A hazard is anything with the potential to cause harm e.g. the absence of a guard rail on scaffolding or dealing with volatile members of the public.

What is risk?

A risk is the likelihood that a hazard will cause a specified harm to someone or something e.g. if the guard rail is missing it is likely that a construction worker will fall off the scaffolding and break a bone, and where the member of the public decides to physically attack a researcher.  

What is risk management?

Risk Management is a process that involves assessing the risks that arise in your workplace, putting sensible health and safety measures in place to control them and then making sure they work in practice.

So how do I undertake a risk assessment?

The University guidance on undertaking risk assessments provides simple and easy to follow advice on how to undertake a basic risk assessment.

Further advice can be obtained from the HSE risk management and of risk assessments are also provided on this site.

Training courses are available through Health and Safety Services for you and your staff on how to undertake a risk assessment. Occasionally external specialists will be required to assist in producing a risk assessment because of the uniqueness of the hazard or activity.

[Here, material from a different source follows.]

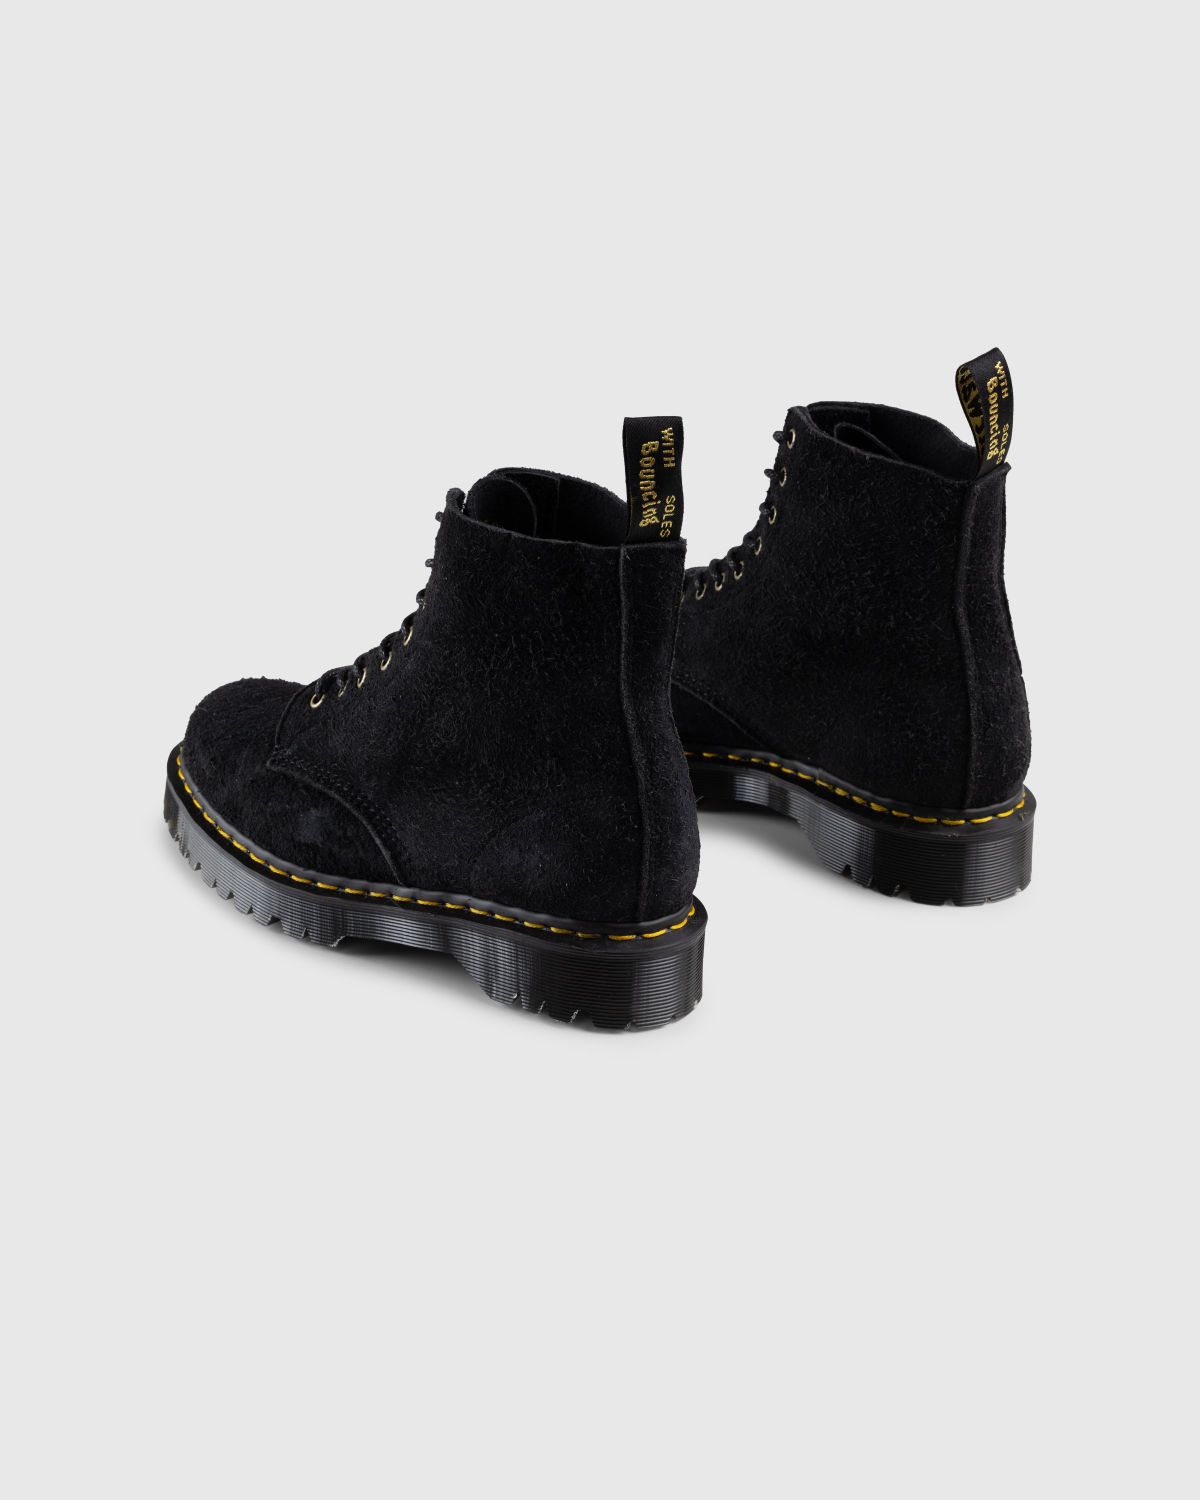 Dr. Martens – 1460 Pascal Bex Tufted Suede Black - Shoes - Black - Image 4
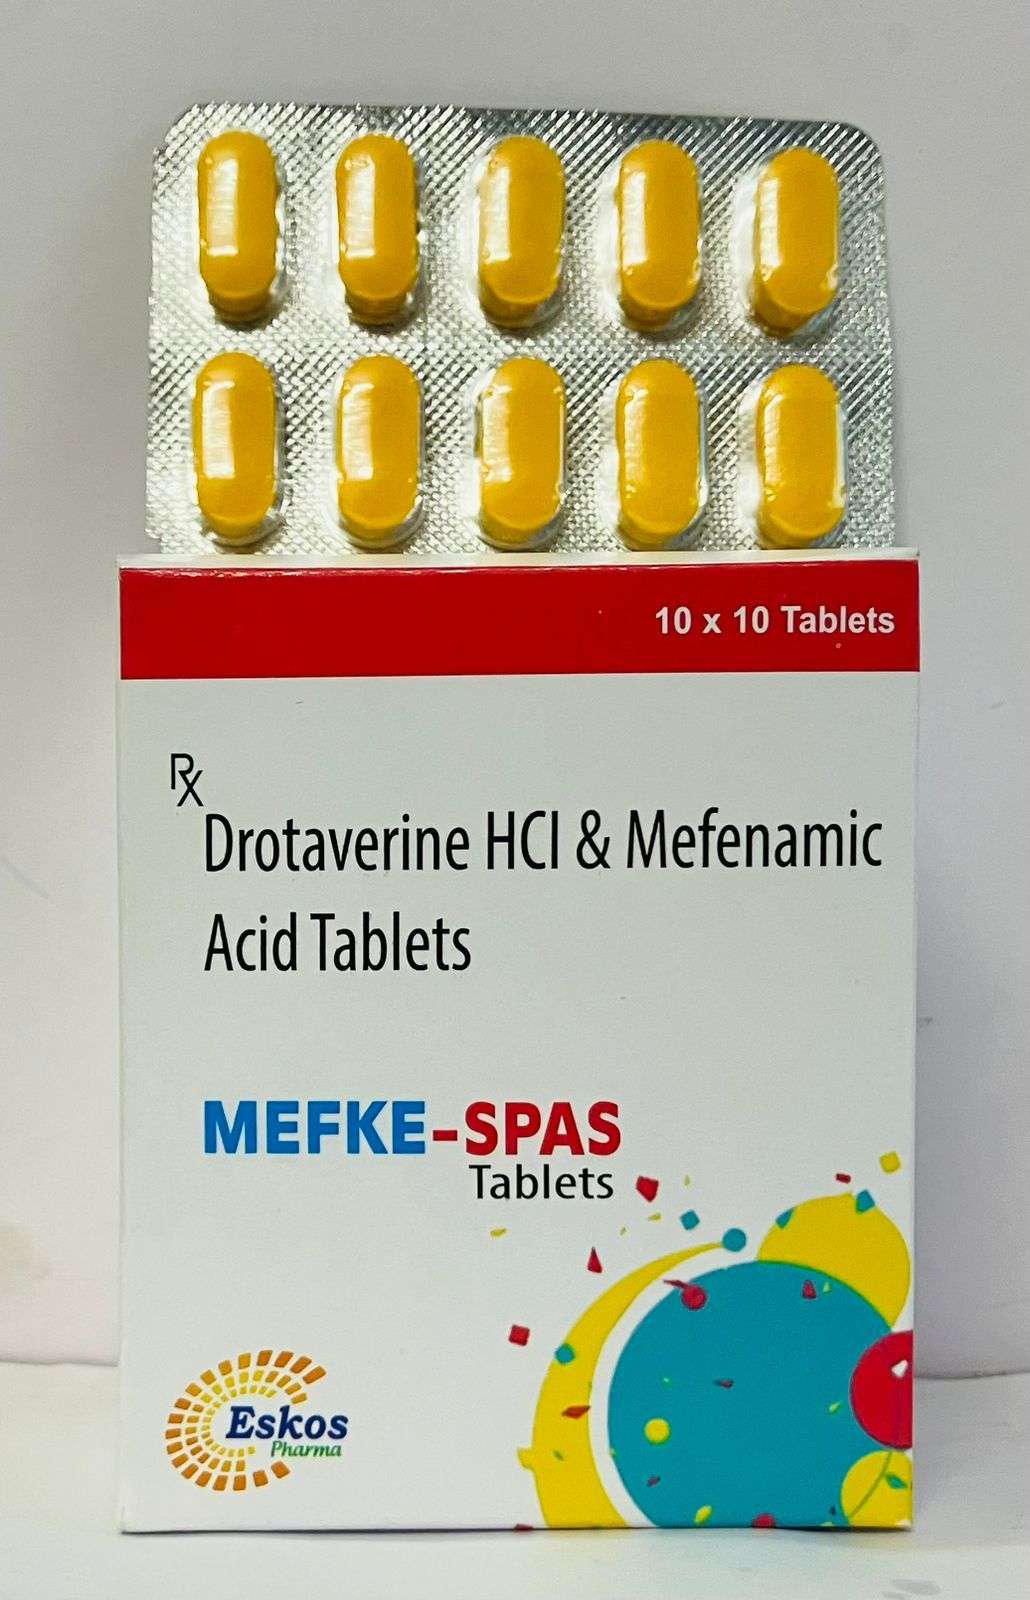 mefenamic acid 250mg +drotaverine hcl 80 mg

Please just contact central H&S staff who will readily help you through the process of undertaking bot detailed and overview risk assessments; please just call us on 3847 or email healthandsafety@bangor.ac.uk

What do "ALARP" and "SFAIRP" mean?

You may come across these abbreviations. ALARP stands for "as low as reasonably practicable" and SFAIRP stands for "so far as is reasonably practicable". In essence, these are the same; however, SFAIRP is the term most often used in the Health and Safety at Work etc Act and in Regulations, and; ALARP is the term used by risk practitioners.

What does "reasonably practicable" mean?

This means that you have to take action to control the health and safety risks in your workplace except where the cost (in terms of time and effort as well as money) of doing so is "grossly disproportionate" to the reduction in the risk. You can work this out for yourself, or you can simply apply accepted good practice.